WHAT THE TASK REQUIRES
Print a faithful copy of the data below, word for word, with the pictures left out.

DATA BELOW
* * *

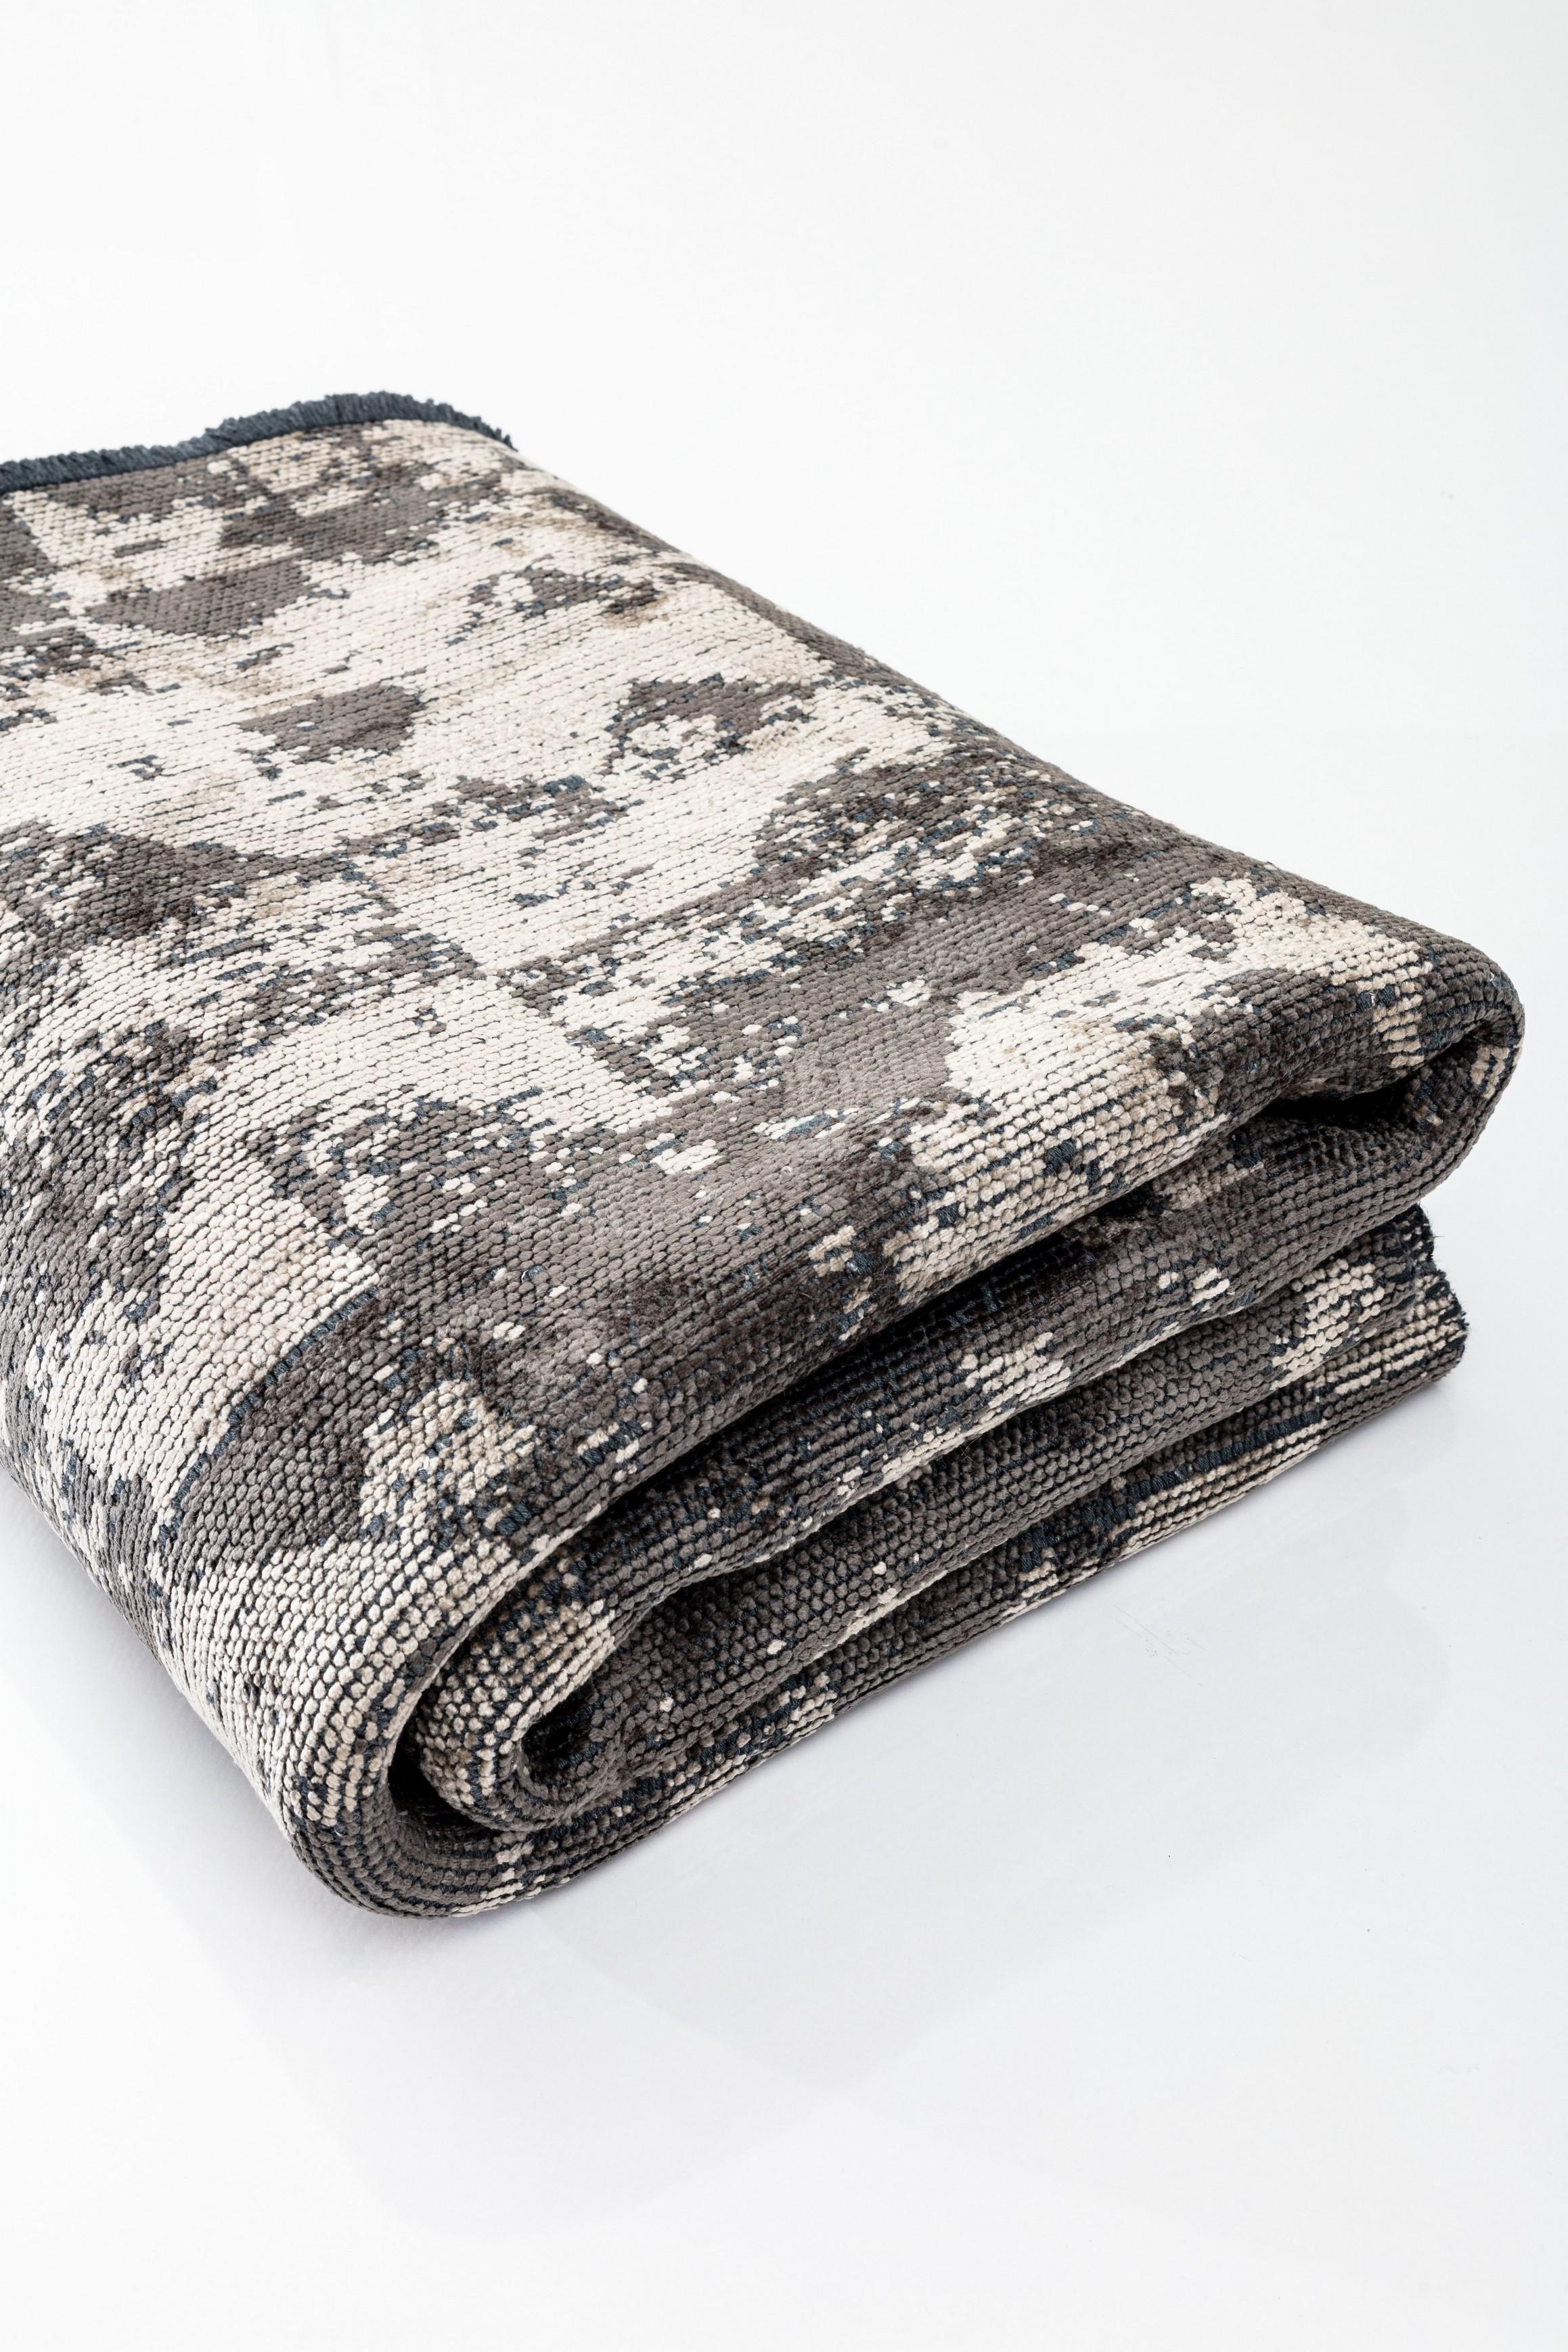 For Sale:  (Gray) Modern Camouflage Luxury Hand-Finished Area Rug 4
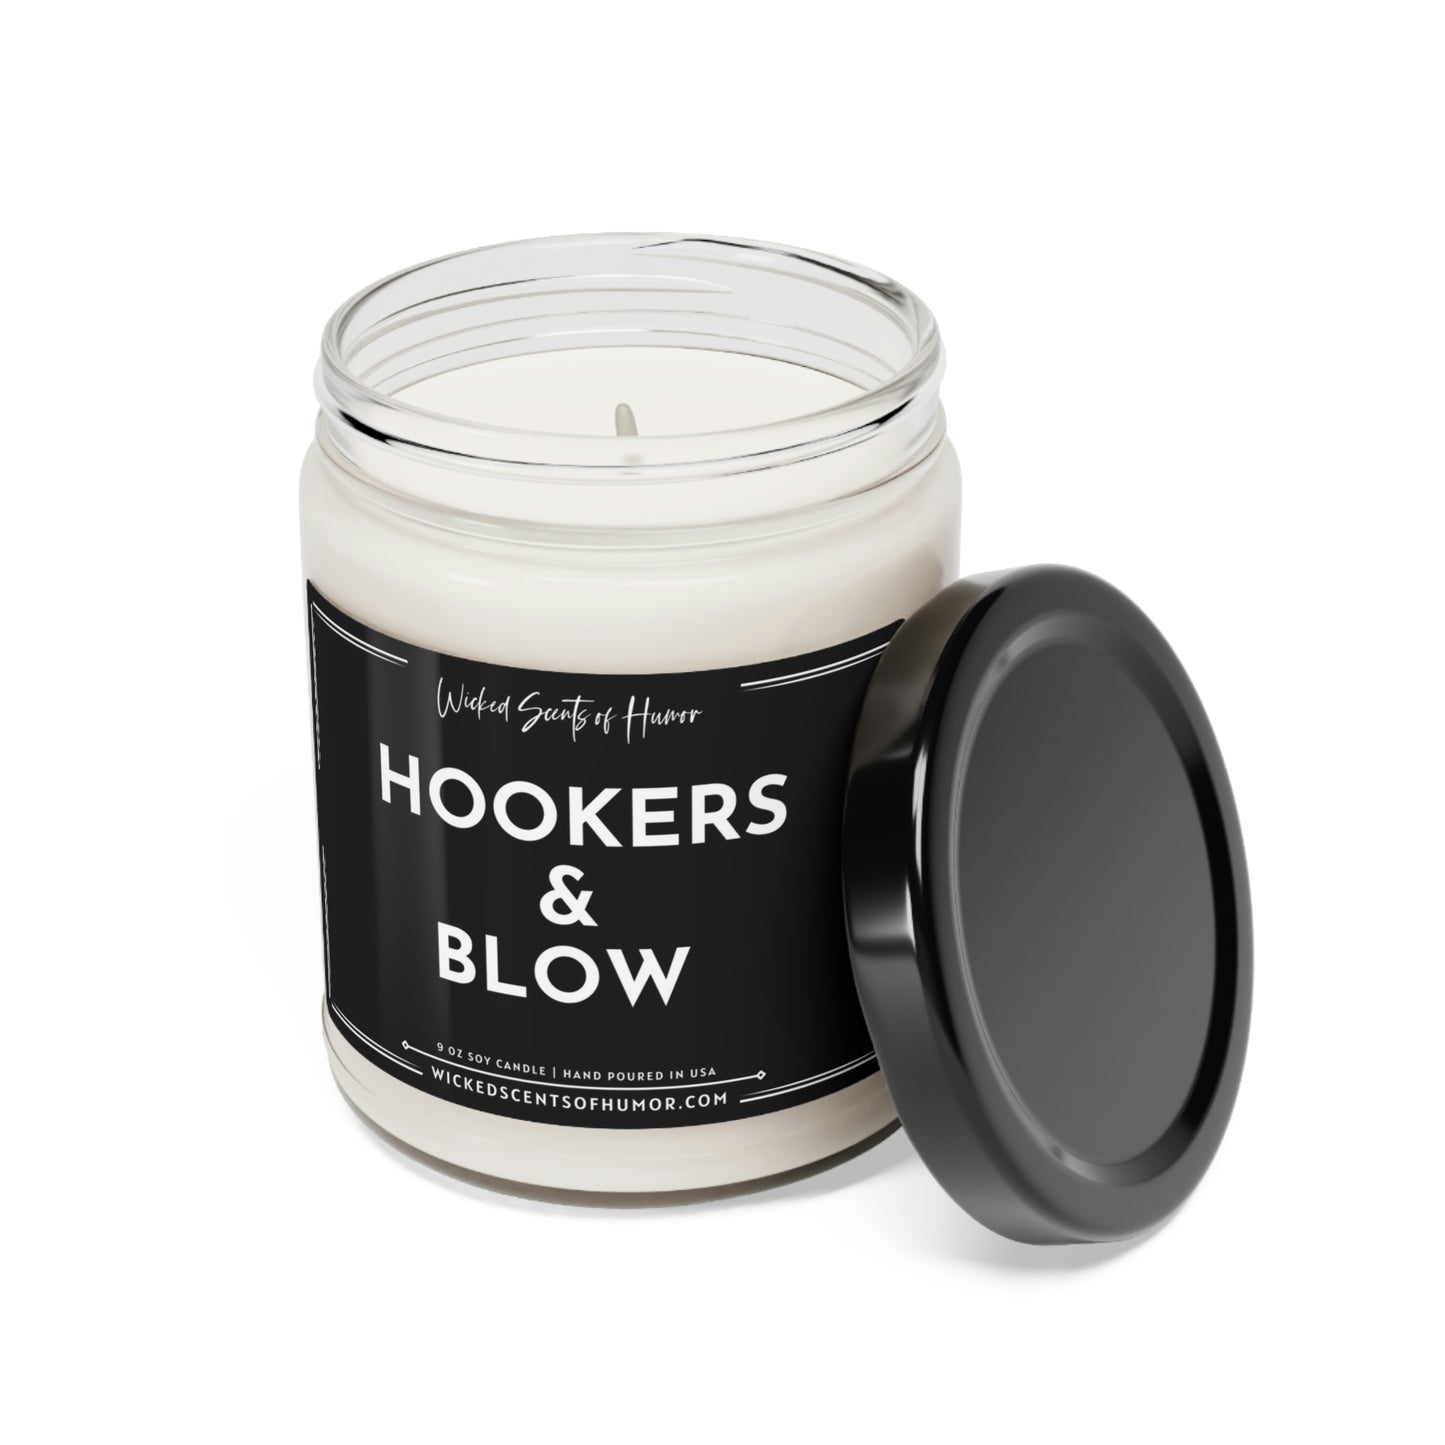 Hookers & Blow Soy Candle, Funny Gift, Gag Gift Idea, Eco-Friendly All Natural Soy Candle, 9oz
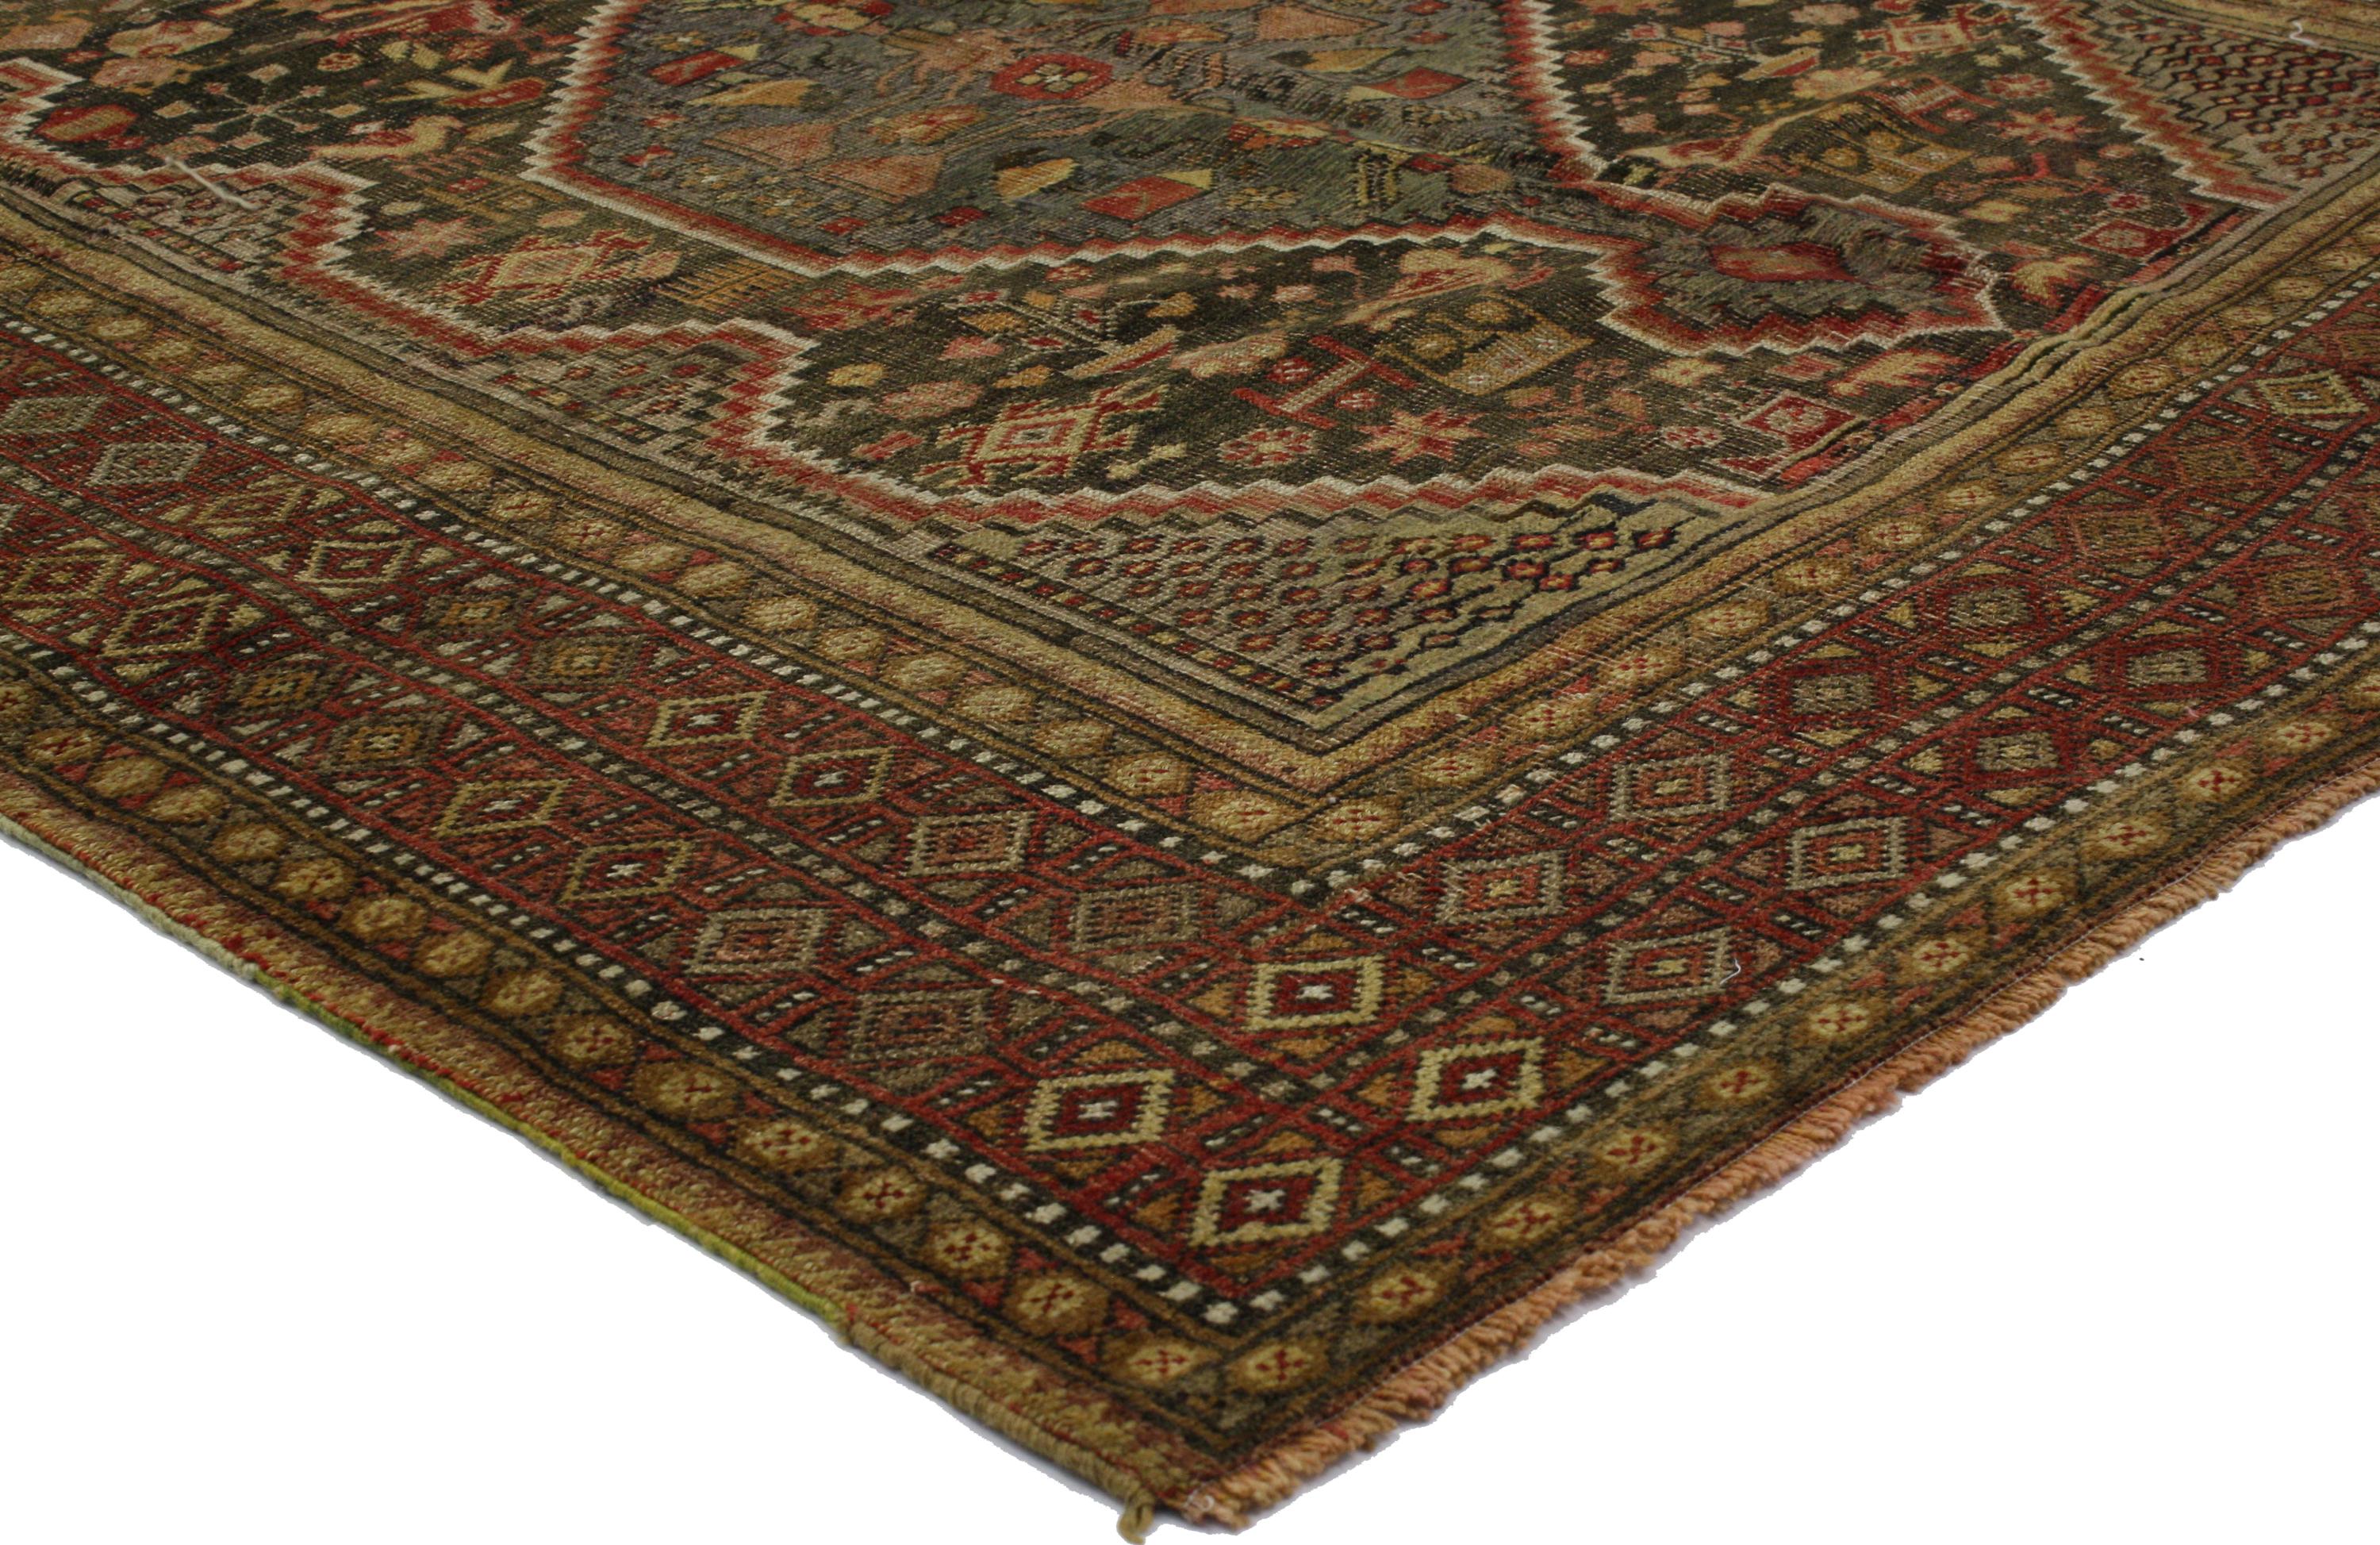 20th Century Distressed Antique Persian Shiraz Rug with Rustic Tribal Style

* * *

ANSWER SPACE
 For Sale:  (Gray) Modern Camouflage Luxury Hand-Finished Area Rug 4
 Hookers & Blow Soy Candle, Funny Gift, Gag Gift Idea, Eco-Friendly All Natural Soy Candle, 9oz
 20th Century Distressed Antique Persian Shiraz Rug with Rustic Tribal Style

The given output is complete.